Comprendre l'inconcevable
Audiences publiques sur l'effondrement du viaduc de la Concorde
Déterminer les circonstances et les causes d'un événement improbable. L'entreprise est colossale, à l'image du bloc de béton qui s'est affaissé le 30 septembre 2006, tuant cinq personnes et en blessant six. Les audiences publiques amorcées cette semaine se poursuivront jusqu'en juillet.
La Commission, présidée par l'ancien premier ministre Pierre Marc Johnson, entendra la preuve au cours des prochains mois, cette semaine à Laval, puis à Montréal, où la plupart des témoins résident.
Les témoins oculaires présents dans les heures et les minutes qui ont immédiatement précédé et suivi l'effondrement figurent en priorité dans l'ordre du jour. C'est avec eux que le bal des témoignages s'est ouvert lundi.
Le lapin de Dumont
Les commissaires entendront ensuite les représentants de la Sûreté du Québec, responsables du site après l'effondrement du pont d'étagement. Suivront une série de témoignages reliés à la conception, la réalisation et la vie de l'ouvrage. Les questions des systèmes d'inspection, de signalement et d'intervention visant à assurer la sécurité du public seront également abordées.

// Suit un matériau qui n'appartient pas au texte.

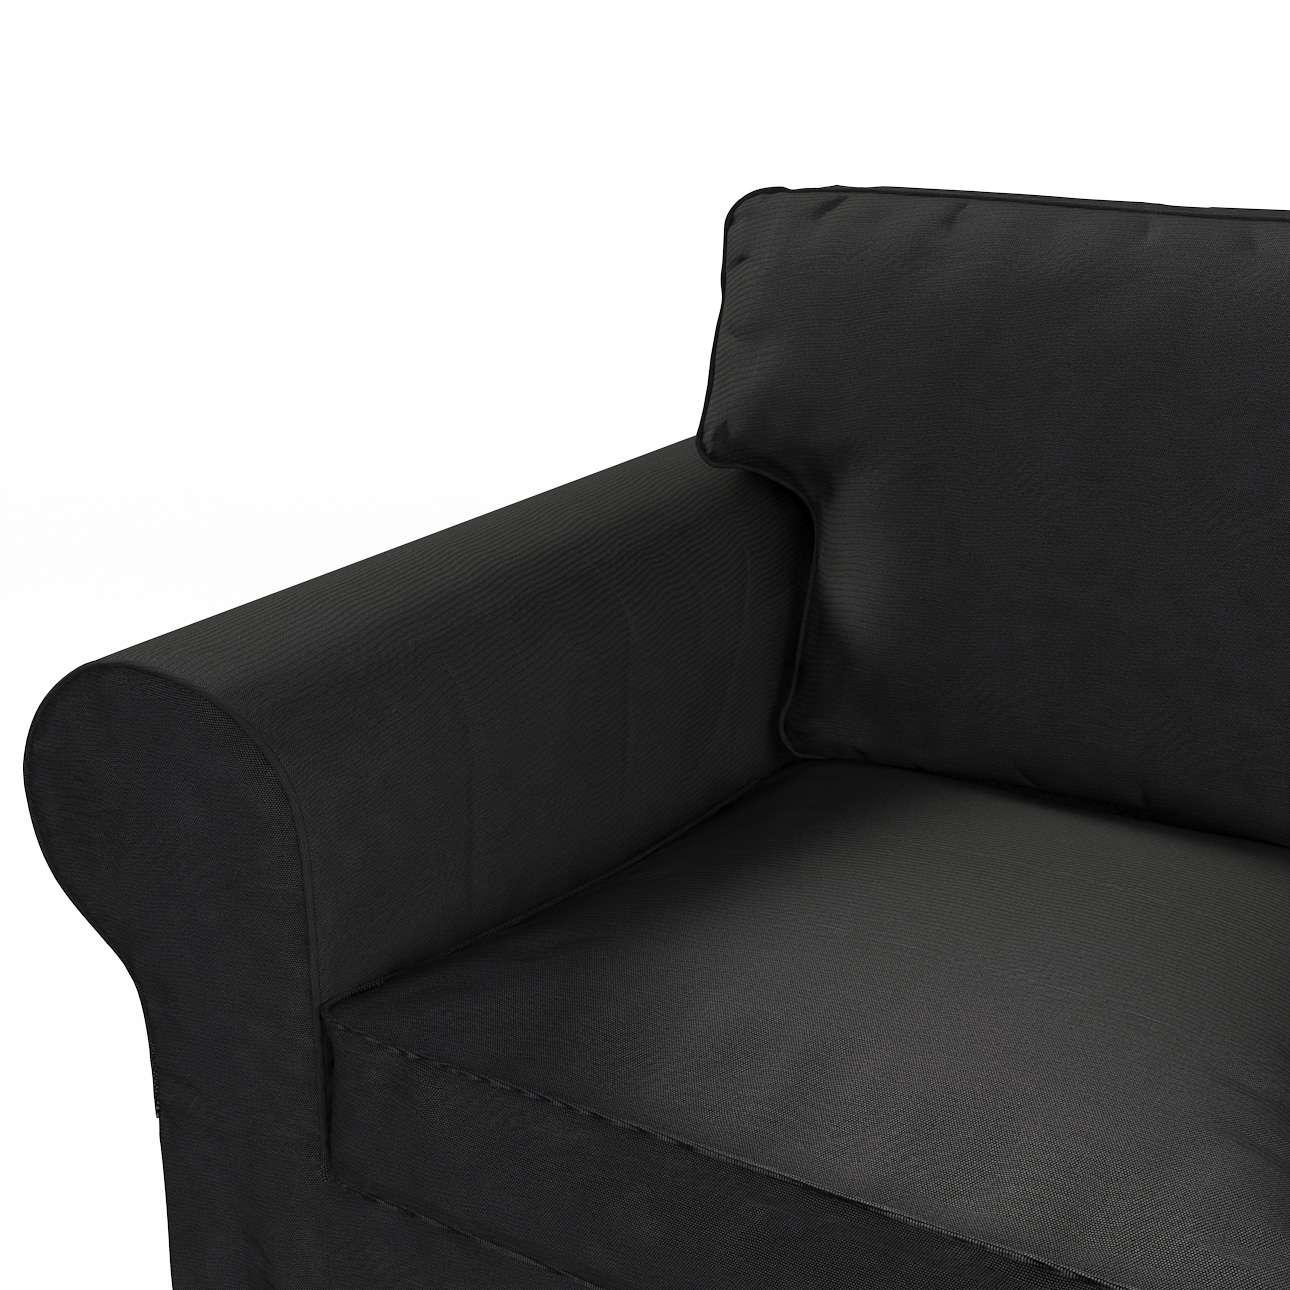 Ektorp 3-Sitzer Schlafsofabezug, ALTES Modell Sofahusse Ektorp 3-Sitzer Schlafsofa von der Kollektion Etna, Stoff: 705-00

«Il va sans dire qu'une attention toute particulière sera portée aux documents auxquels M. Dumont a fait référence durant le débat télédiffusé des trois chefs et qui avaient d'ailleurs été remis à la Commission dès les premiers jours de l'enquête», a précisé Me Michel Décary, procureur-chef de la Commission, lors de l'ouverture des audiences, mardi.

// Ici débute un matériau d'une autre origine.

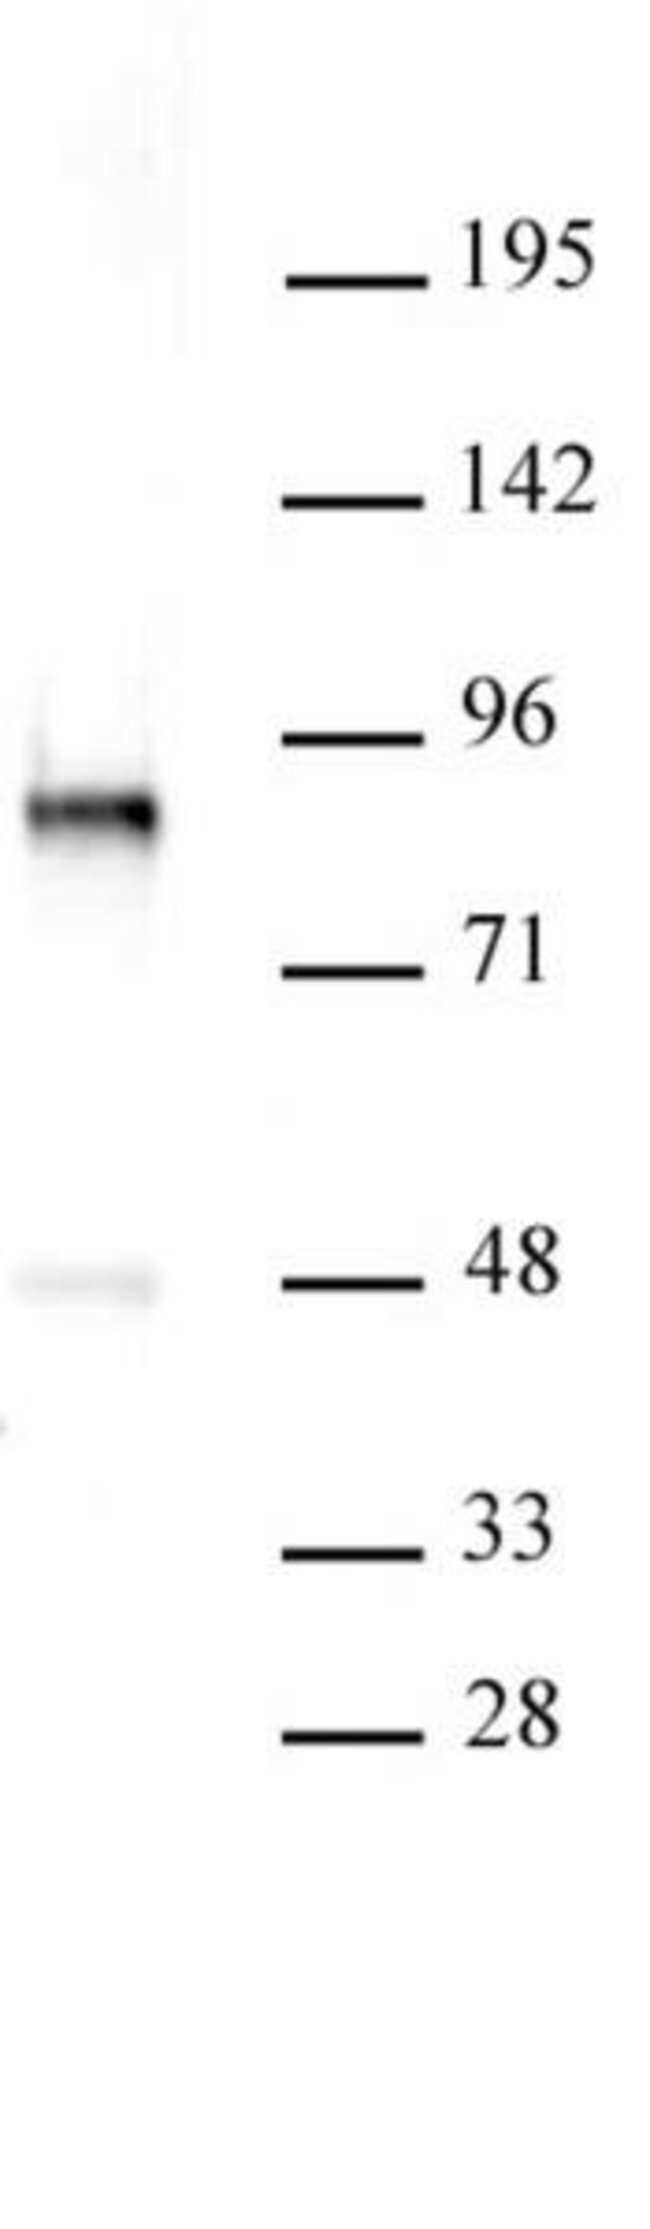 PKC-B Rabbit anti-Human, Unconjugated, Polyclonal, Active Motif:Antibodies:Primary

De nombreux experts seront enfin entendus, au sujet des normes en vigueur à l'époque de la conception du viaduc et la conformité des travaux de construction par rapport aux plans et devis, entre autres. Certains experts ont par ailleurs été mandatés pour réaliser des simulations ― virtuelles et sur une réplique à échelle réduite ― de l'effondrement.

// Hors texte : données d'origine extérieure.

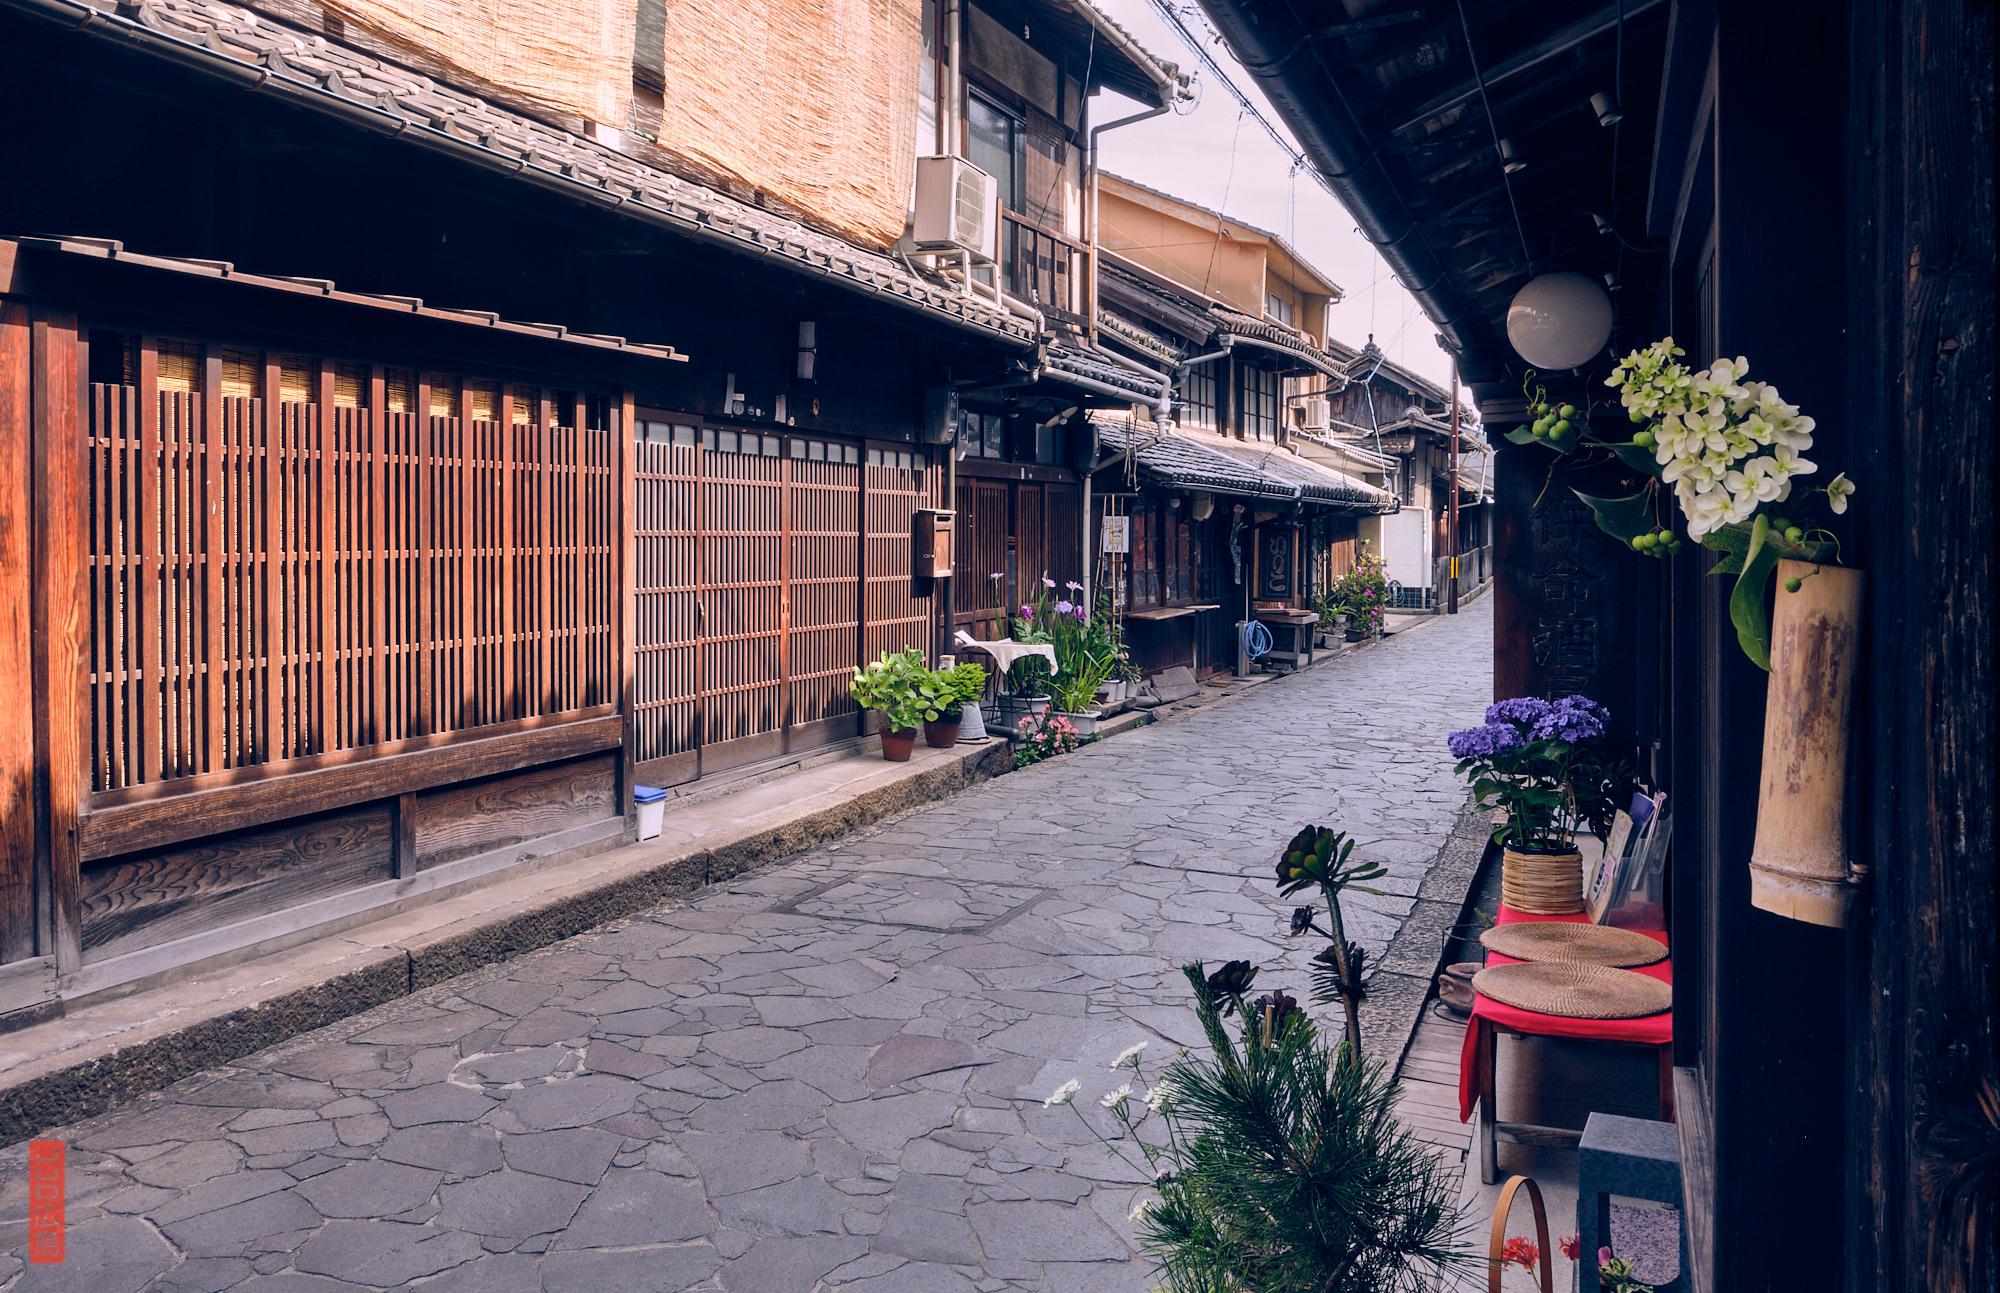 Ruelle historique du centre de Tomo-no-Ura

Les plaidoiries des procureurs mettront un terme aux audiences, vers la mi-juillet. Le rapport final de la Commission est attendu le 15 octobre 2007. «Parallèlement aux audiences, [la Commission effectue des] recherches sur ce qui se fait ailleurs dans le domaine de l'aménagement et de l'entretien des structures, pour peut-être importer et servir de recommandation au gouvernement», mentionne André Sormany, porte-parole de la Commission d'enquête.
«Un des objectifs, c'est d'empêcher que ça arrive encore. Un autre objectif, c'est qu'à l'avenir, les gens qui vont passer sous ou dessous un viaduc ne se rentrent pas la tête dans les épaules en se disant: Est-ce que ça va tomber?»